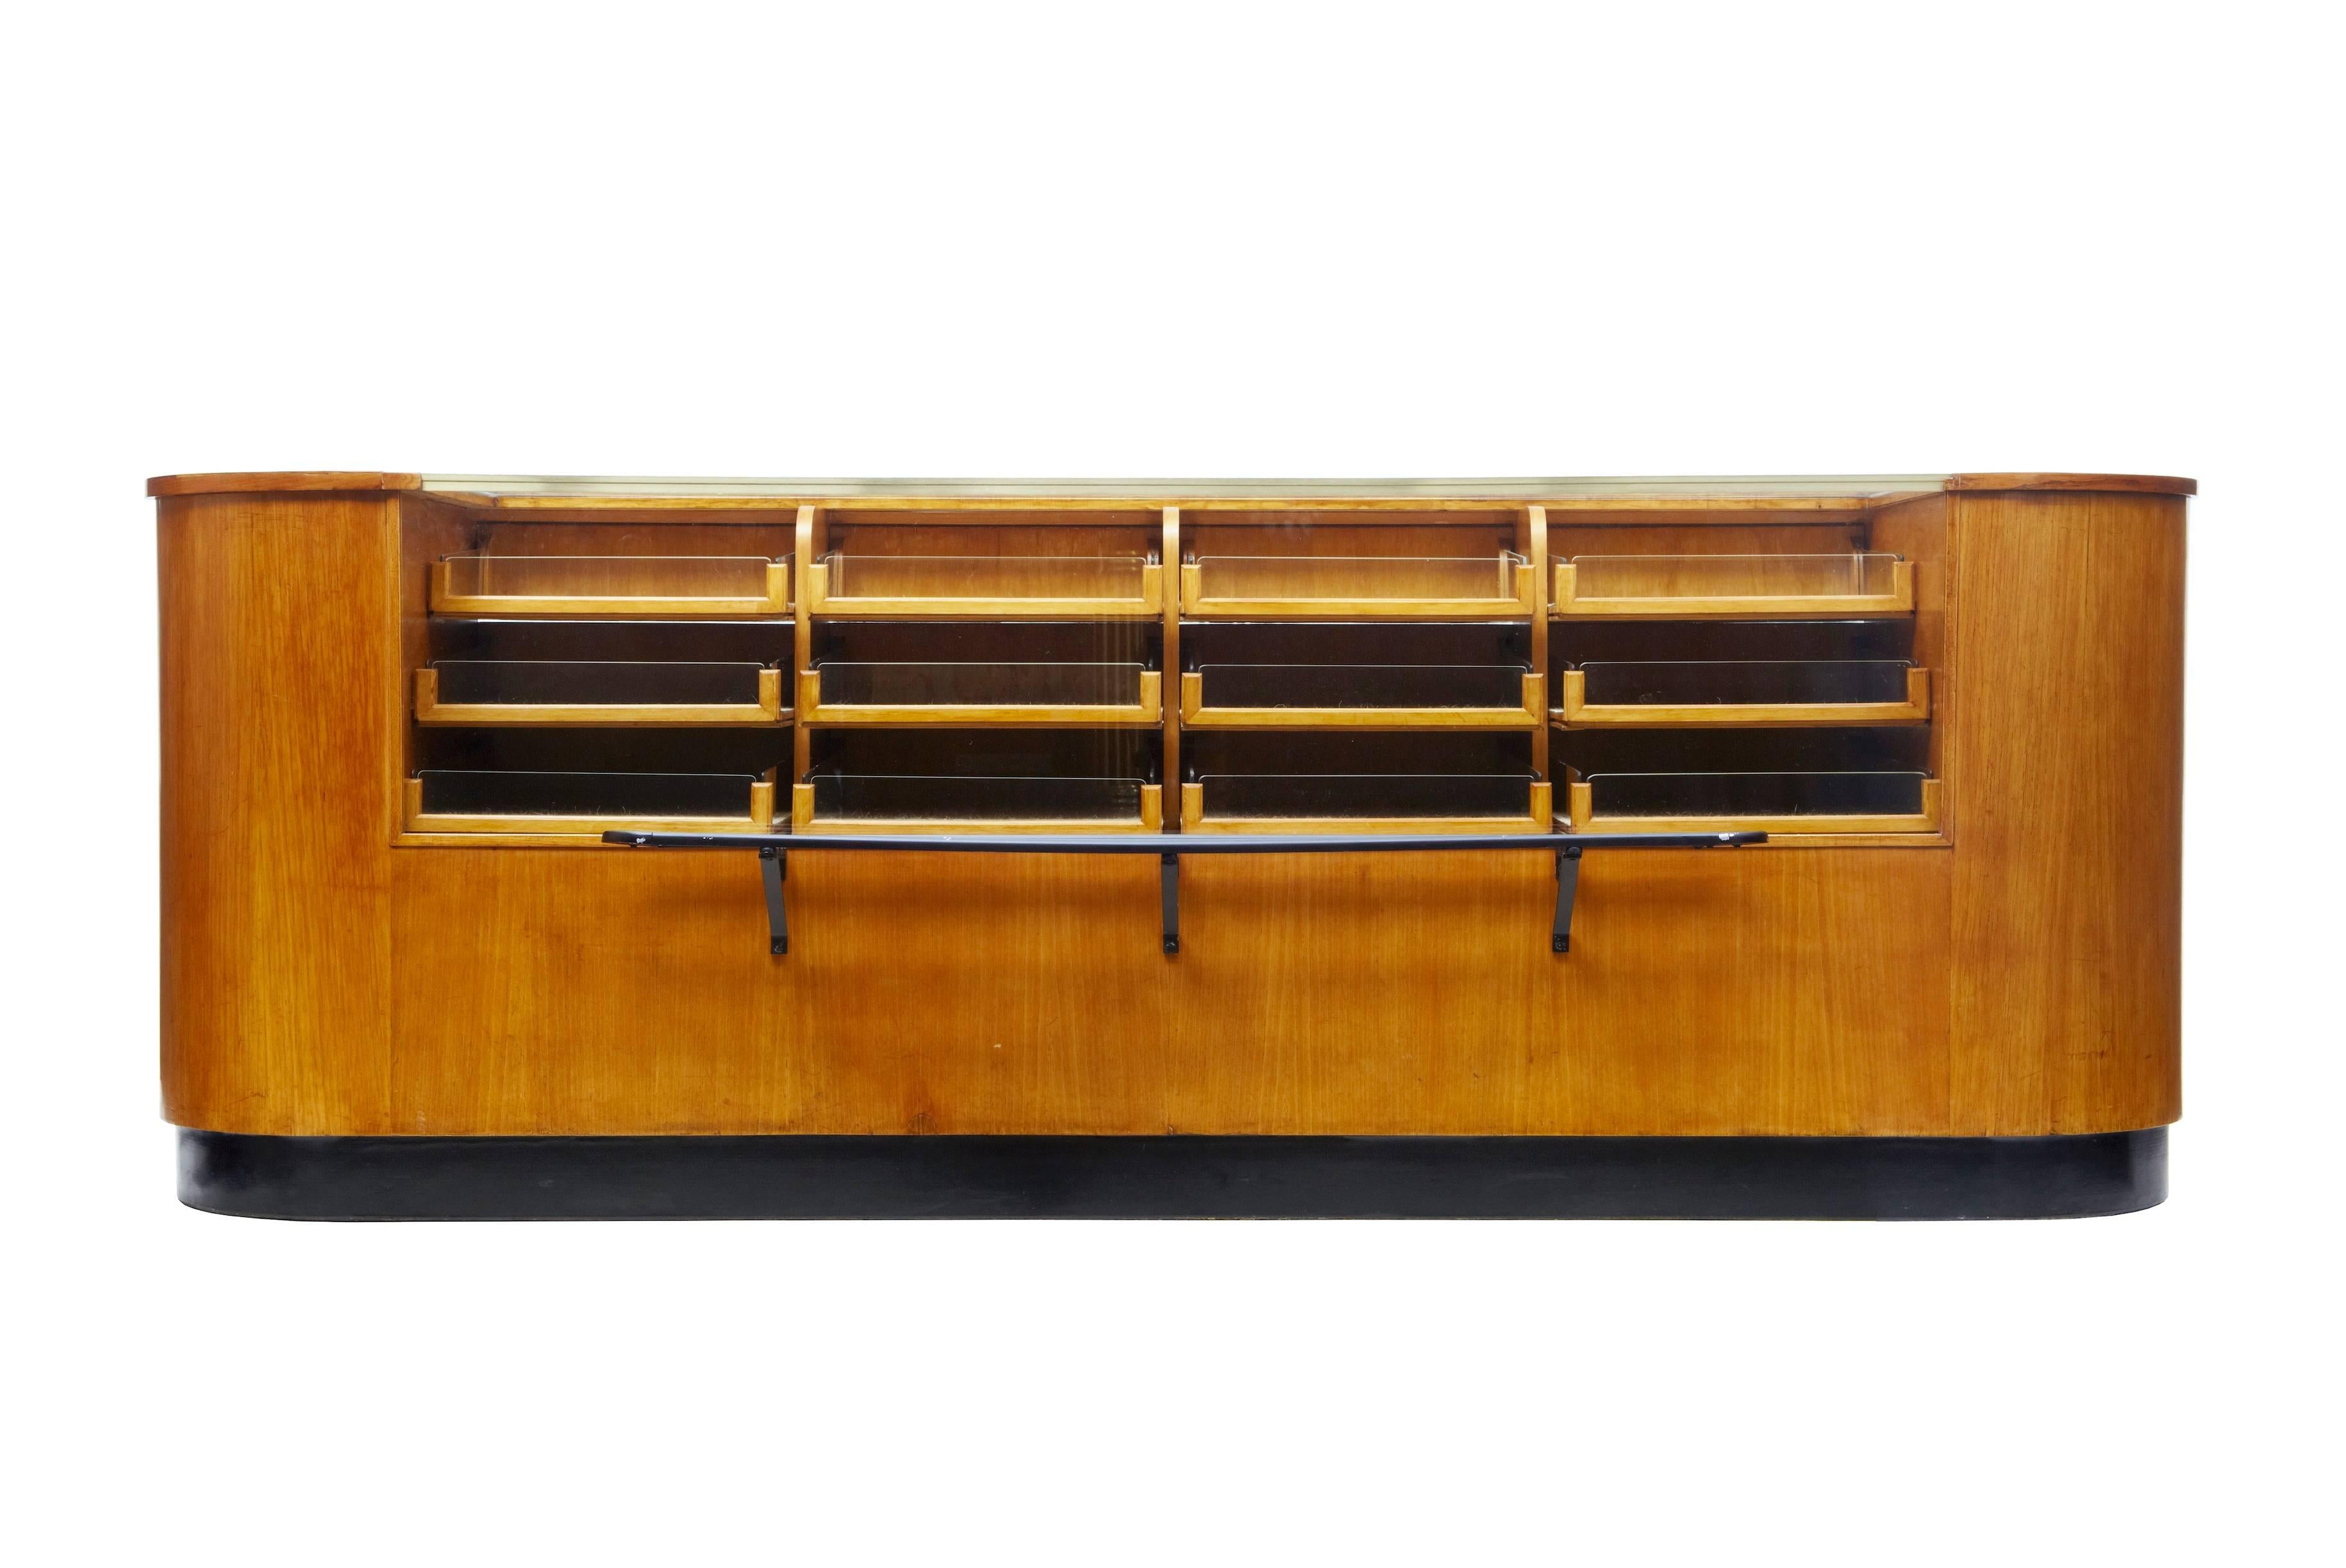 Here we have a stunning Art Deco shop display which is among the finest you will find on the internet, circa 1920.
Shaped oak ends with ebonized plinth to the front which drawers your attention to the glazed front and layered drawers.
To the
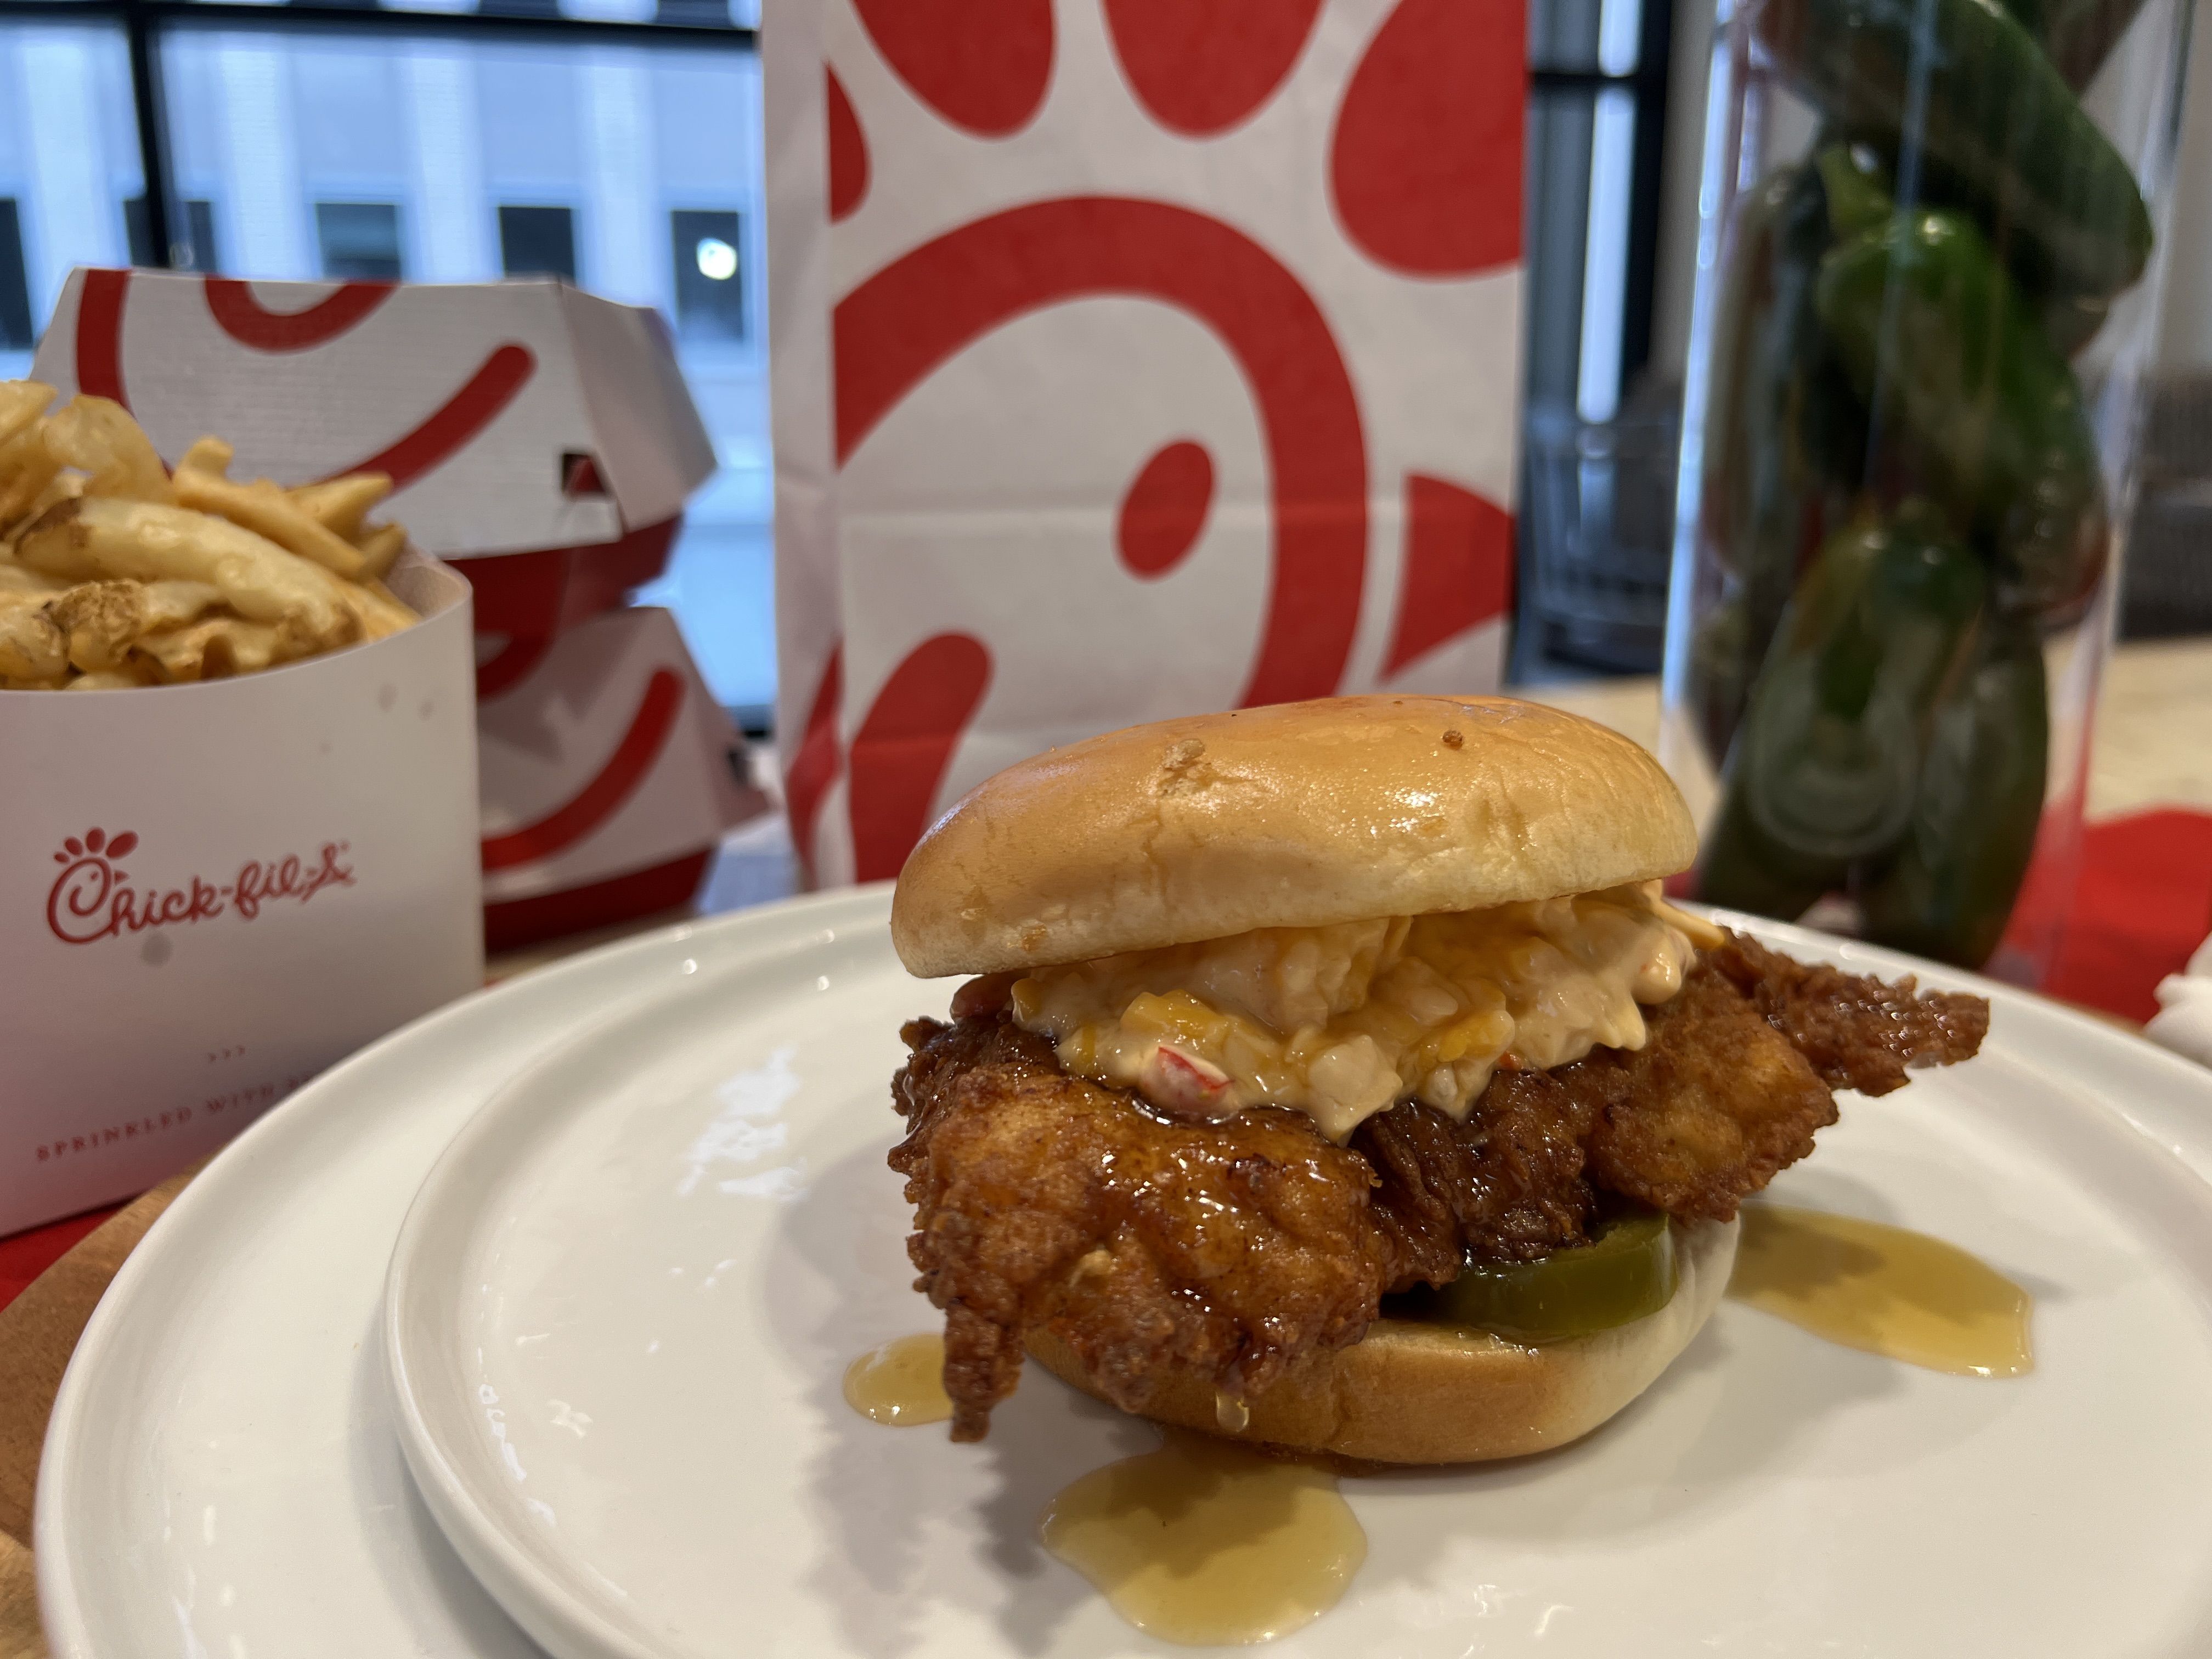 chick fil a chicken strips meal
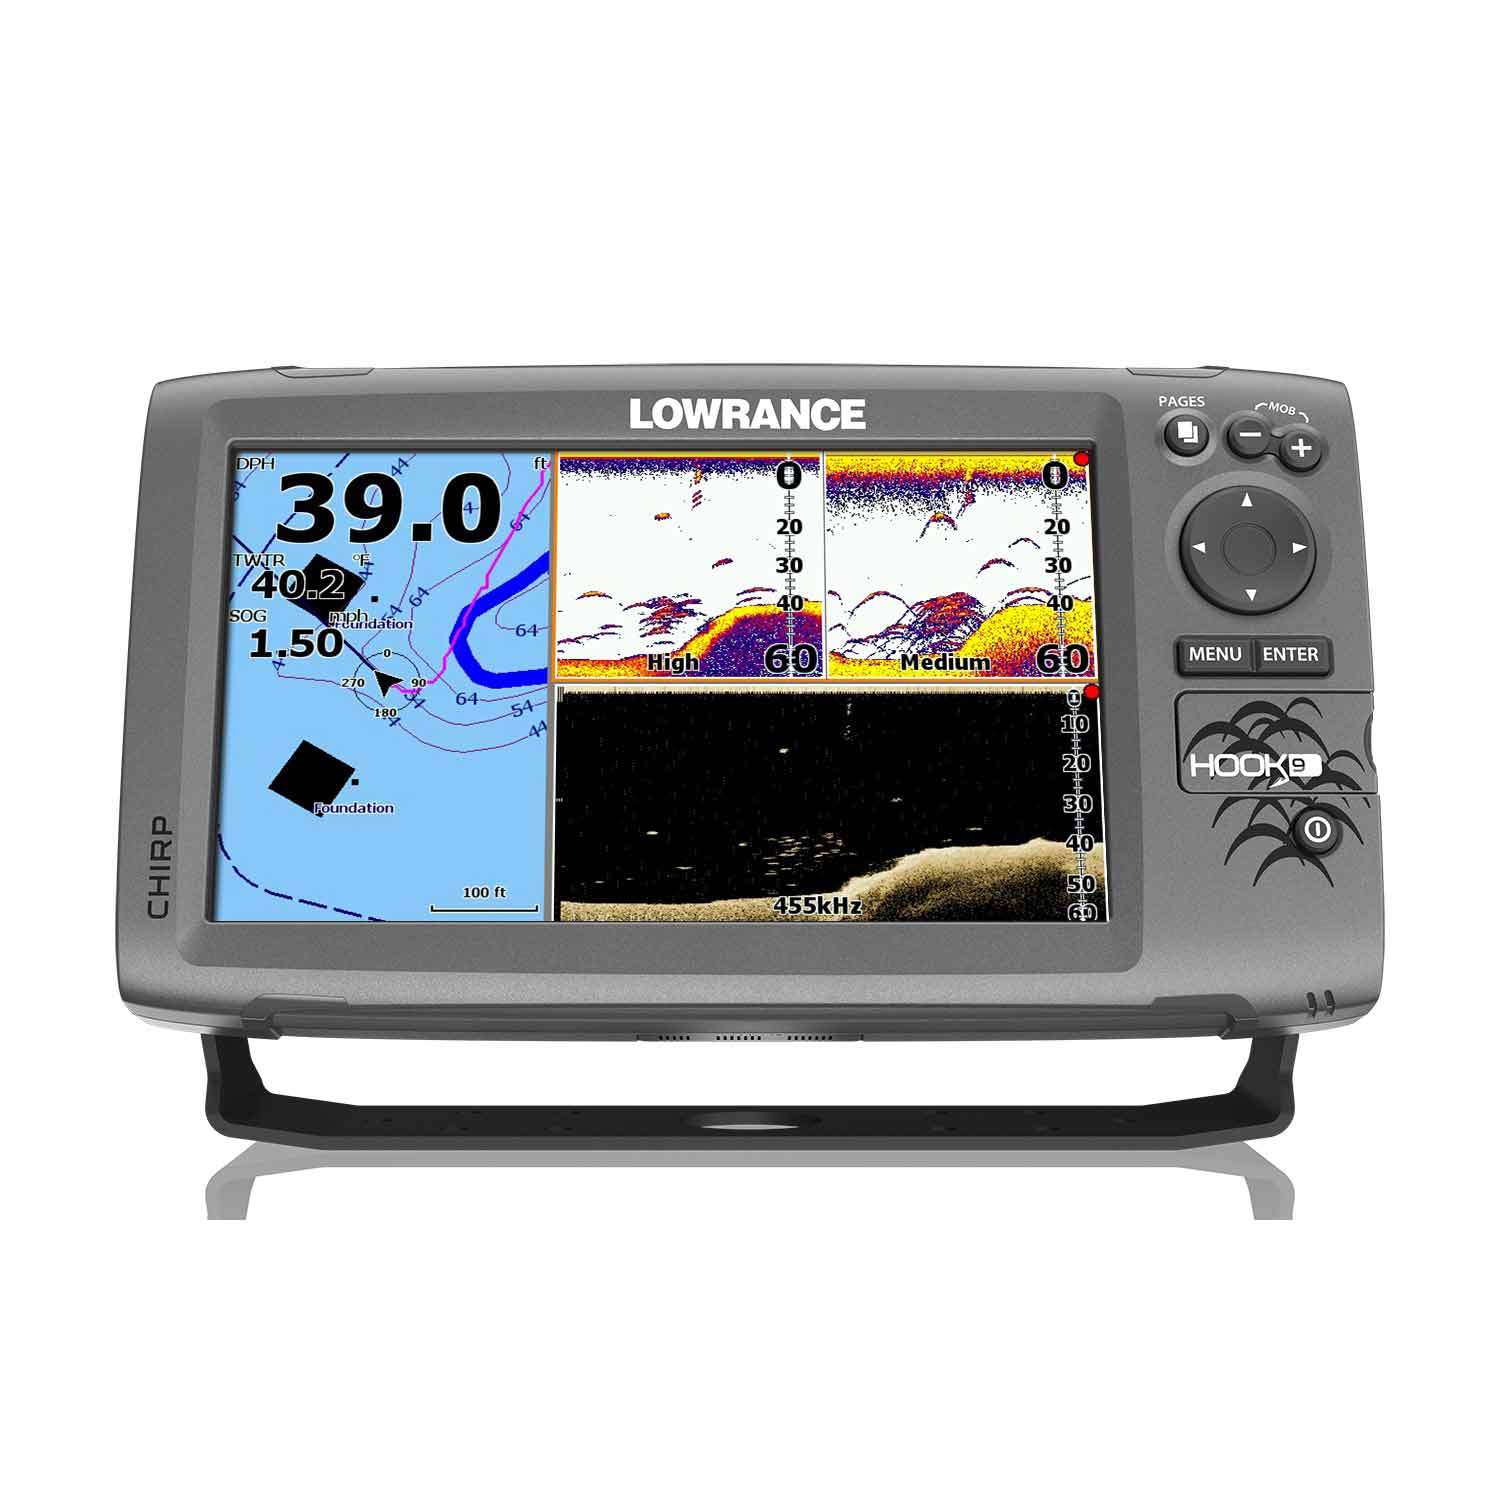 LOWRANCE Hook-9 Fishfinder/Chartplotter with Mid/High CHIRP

__Exercise instructions__:
Excluding the pictures, restate word for word the lines from the one that holds "chick fil a chicken strips meal" through the last line of the entries, both ends included.

__Response below__:
 chick fil a chicken strips meal
 LOWRANCE Hook-9 Fishfinder/Chartplotter with Mid/High CHIRP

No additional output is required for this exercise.